The production in camera and the answers to interrogatories will be furnished within 20 days from the date of this order.
AND IT IS SO ORDERED.
. There is a claim about the hiring of blacks, but it appears affirmative from the record at this point that this is the all-inclusive which is put into every Title VII action for obvious purposes.
. By order of December 8, 1975, plaintiff was directed to produce certain of these letters.
. Secrecy is always sacred to the present American bureaucracy.
. Defendant contends that it is not a member of the “public” to which the statute prohibits disclosure of information relative to the Commission’s conciliation proceedings. The Commission in its brief or during the hearing has not challenged defendant’s claim in this regard. See generally, H. Kessler & Co. v. Equal Employment Opportunity Commission, 472 F.2d 1147 (5th Cir. 1973), cert. denied, 412 U.S. 939, 93 S.Ct. 2774, 37 L.Ed.2d 398 (1973).
. Congress has demonstrated in similar statutory provisions that it can appropriately incorporate an intention to prohibit a much broader scope of-disclosures than the two contained in Section 706(b). Compare, e. g., 76 Stat. 922 (1962), 13 U.S.C. § 9 (Supp.1975); 71 Stat. 595 (1957), 18 U.S.C. § 3500(a); and 36 Stat. 351 (1910), 45 U.S.C. § 41.
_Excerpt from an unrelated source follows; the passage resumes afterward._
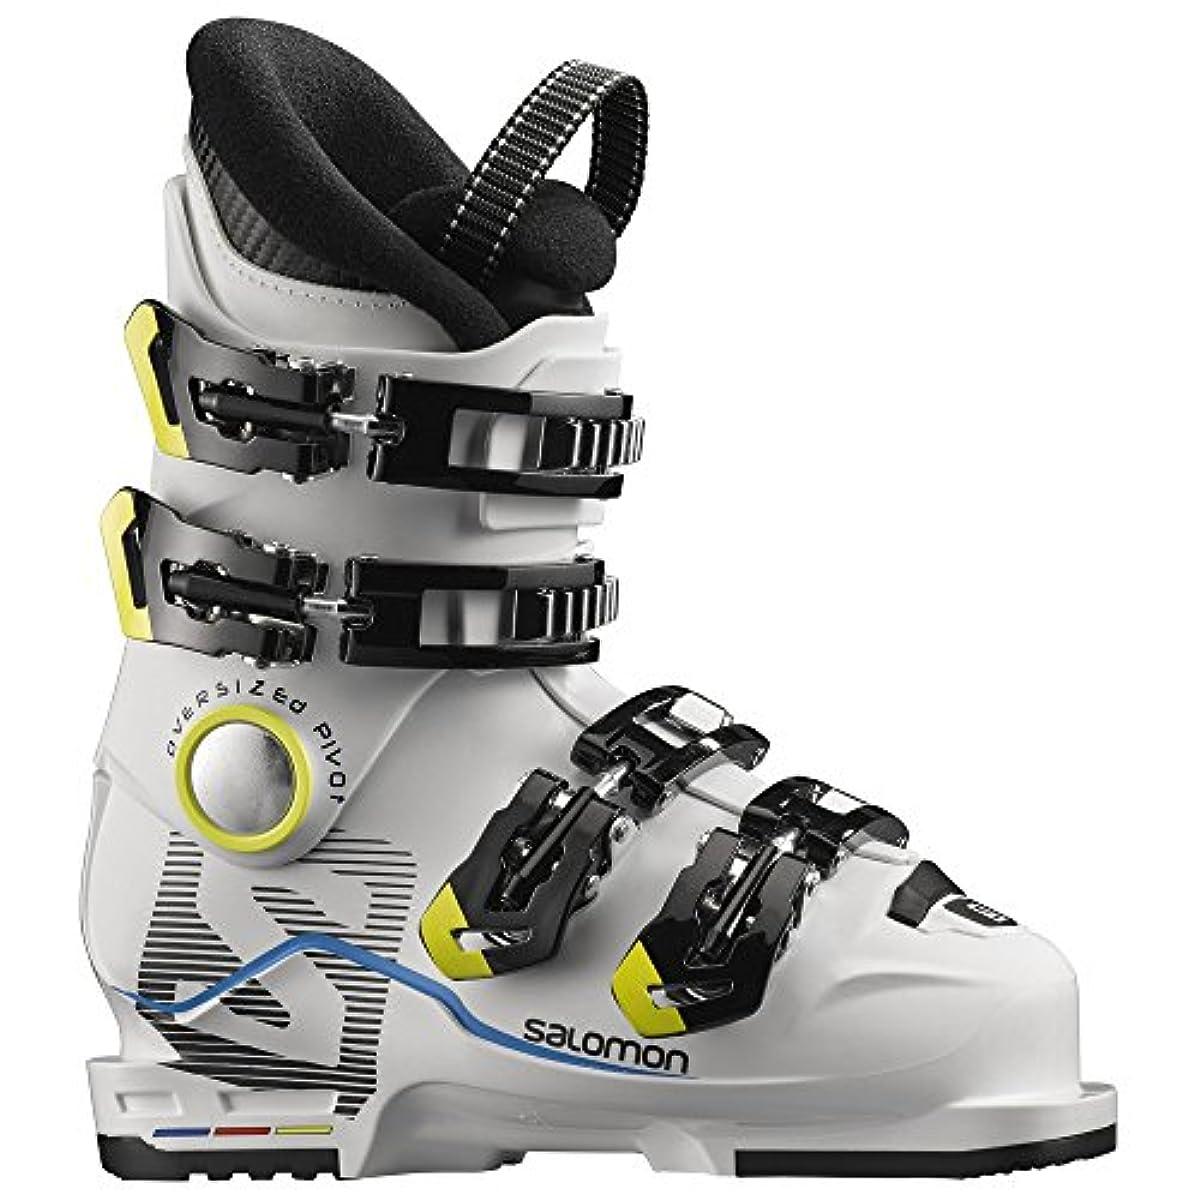 [해외] 살로몬SALOMON 스키화 쥬니어 X MAX 60T 2017-18년 모델 L39441400
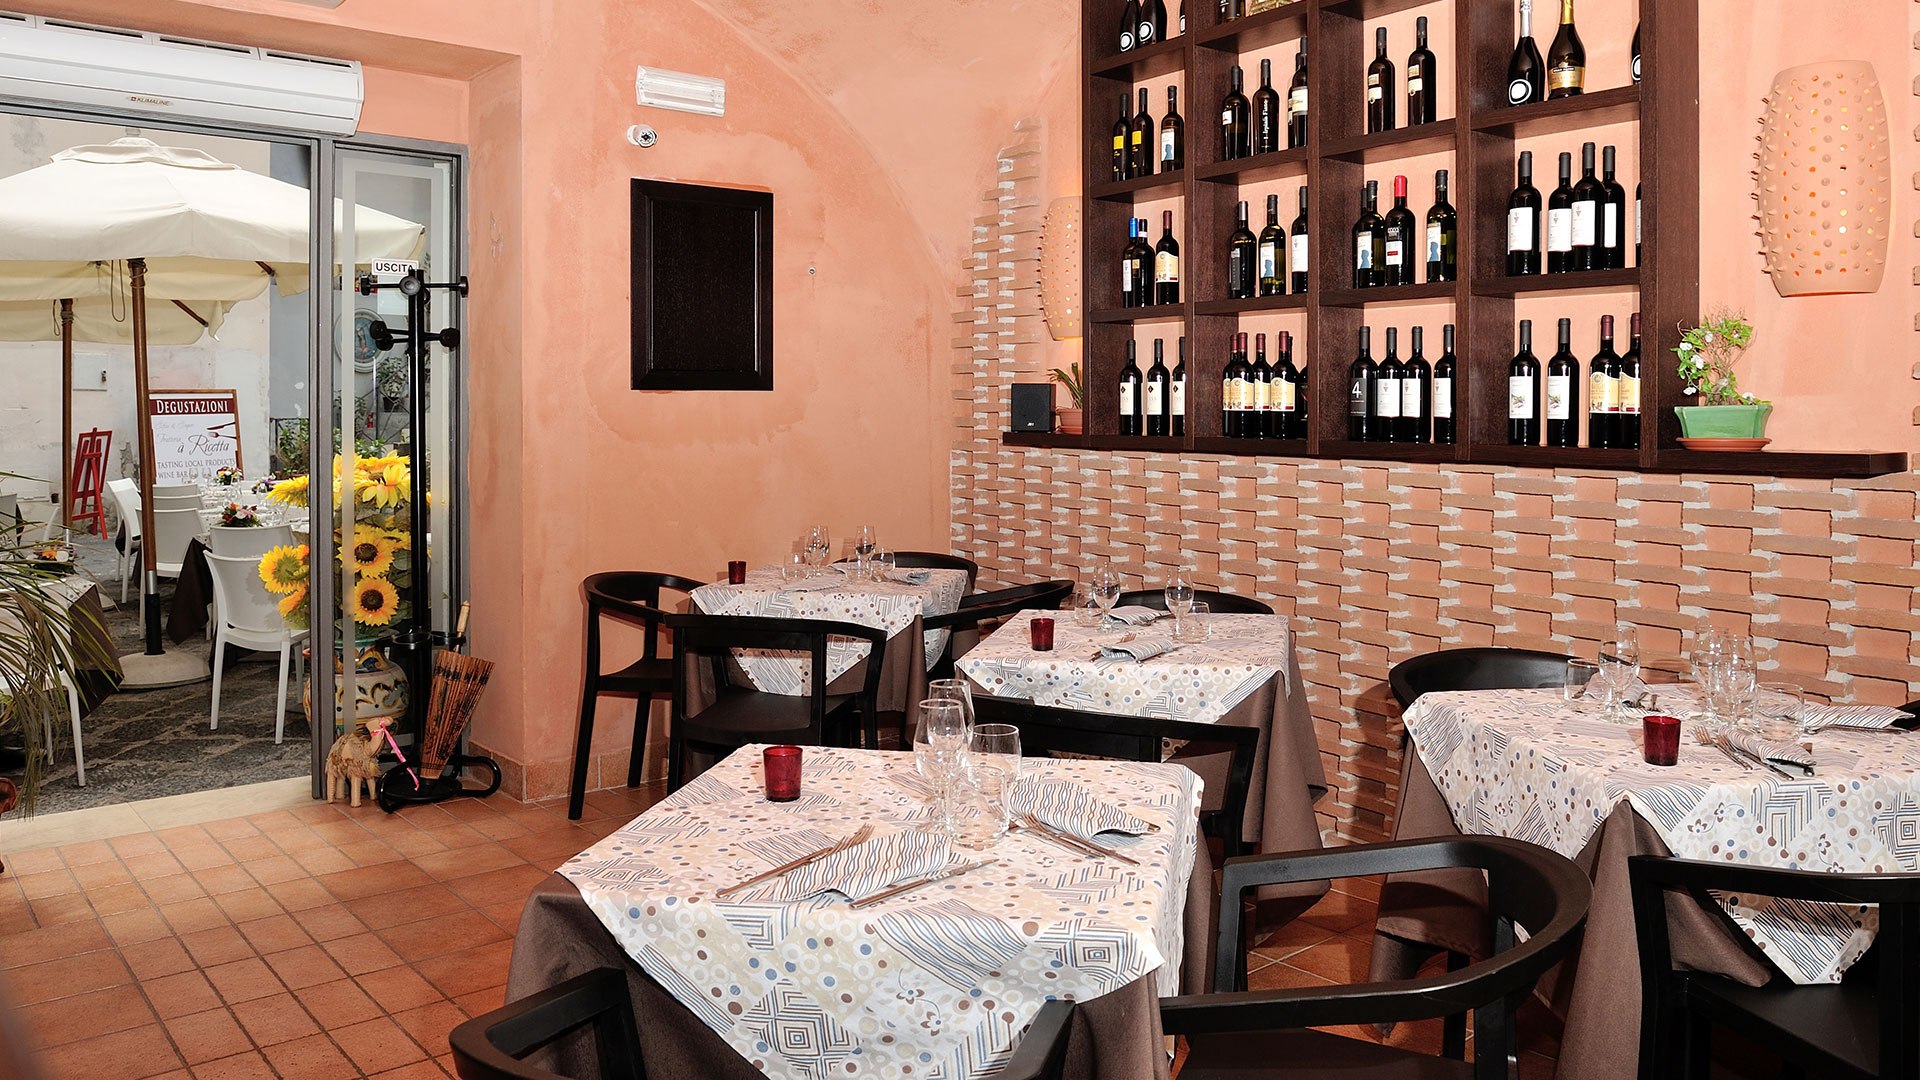 Referenze marchi e portfolio arredamenti e forniture for Arredamento ristorante rustico

. In this case, at the trial level, attorneys for the defendants-intervenors, claimed they needed certain information from the Secretary of Labor. When it was not forthcoming upon the court’s order to produce, the court issued its Rule to Show Cause why the Secretary of Labor should not be held in contempt, just as any other litigant. The government petitioned for mandamus and the record shows that when counsel for the defendants appeared before the Fourth Circuit, they reversed their position and indicated to the Fourth Circuit that they did not need the information for which they had pressed before the trial court. As a result the humiliation of mandamus was vested upon the district judge, unaware of the change in position of counsel, who had insisted upon the need at the trial level.